It's wrong, of course, wrong in drastic, often tragic, degrees as often as it
is right (performs no better than random chance). This has been known for a
long time in behavioral neuroscience. How we respond to another persons face
when they are feeling different emotions is extremely inaccurate and quite
useless, but we are all weak to believing that our conclusions are valid. This
is why polygraphs do not work. They rely on the intuition of the examiner
rather than science. So, they perform the same as random guessing. In addition
to just being wrong half the time, such intuitions are easily manipulated by
some people (either trained or an ability they just develop naturally).

The human mind has a great many very reliable flaws.

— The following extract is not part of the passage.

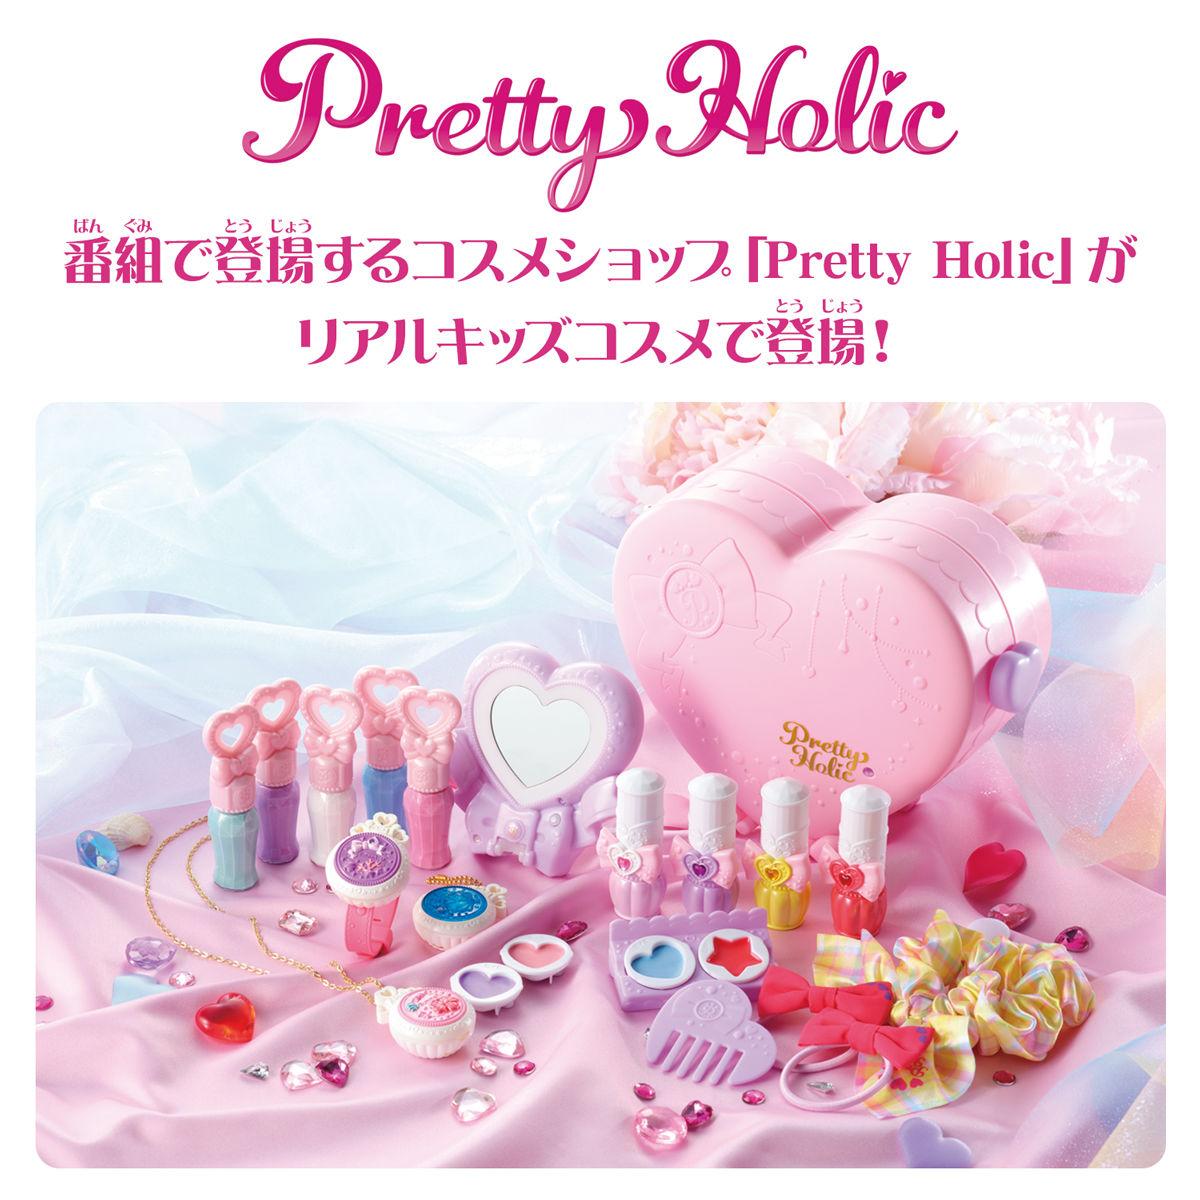 Pretty Holic キュアサマー トロピカルプリティコスメセット
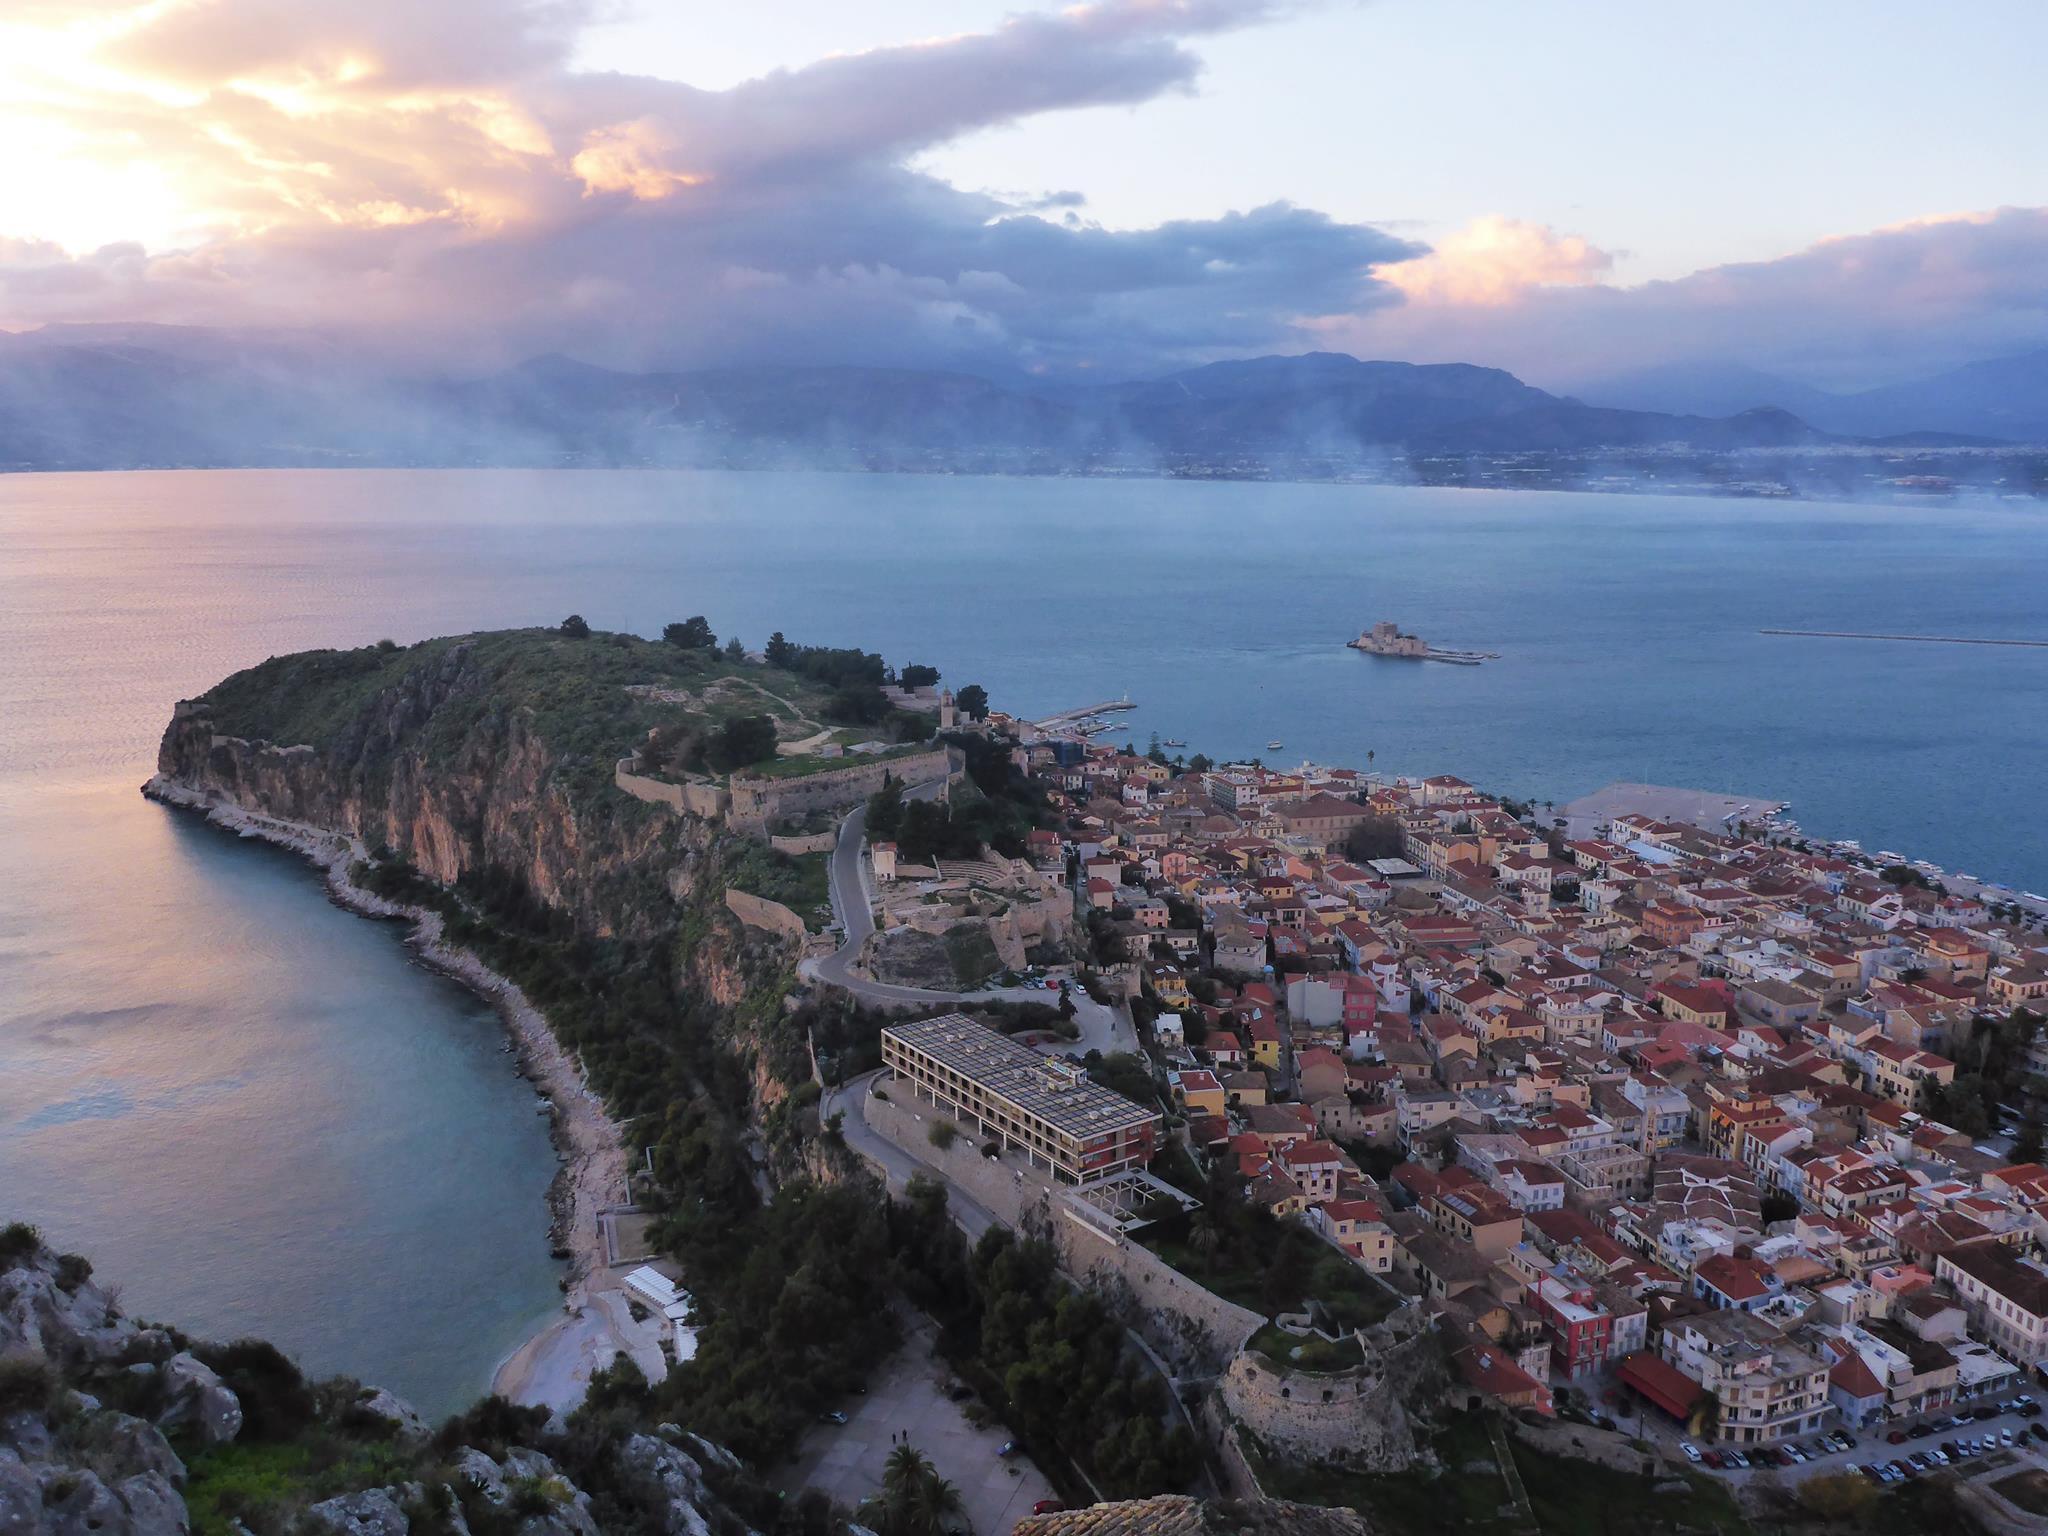 Nous partons pour quelques jours dans le Péloponèse, à visiter de nombreux lieux

They were probably useful
for survival at some point as they seem endemic to the structure of the brain
itself (and we learn more all the time about their neurophysiological origin)
but almost certainly useless at best and dangerous at worst today. We
certainly don't live in anything that resembles the environment our brains
evolved to survive in for thousands of years. (In small extremely intimate
groups on the savannah with rare intense bursts of life-or-death stress but
life mostly consisting of eating, having sex, and sleeping.)

Long experienced cops believe they can tell when people are lying. When
tested, they perform the same as random chance. Average people believe they
can tell what someone is feeling by looking at their face. When tested, they
perform the same as random chance. It's hard for many to accept that their
ability to read other people is only as accurate as flipping a coin, but
that's what we've got evidence for. In some ways, this is odd, since we have
mirror neurons that specifically make us unconsciously mimic other people when
physically close to them, and I would think this would lead to being able to
understand them better, but it doesn't seem to work that way.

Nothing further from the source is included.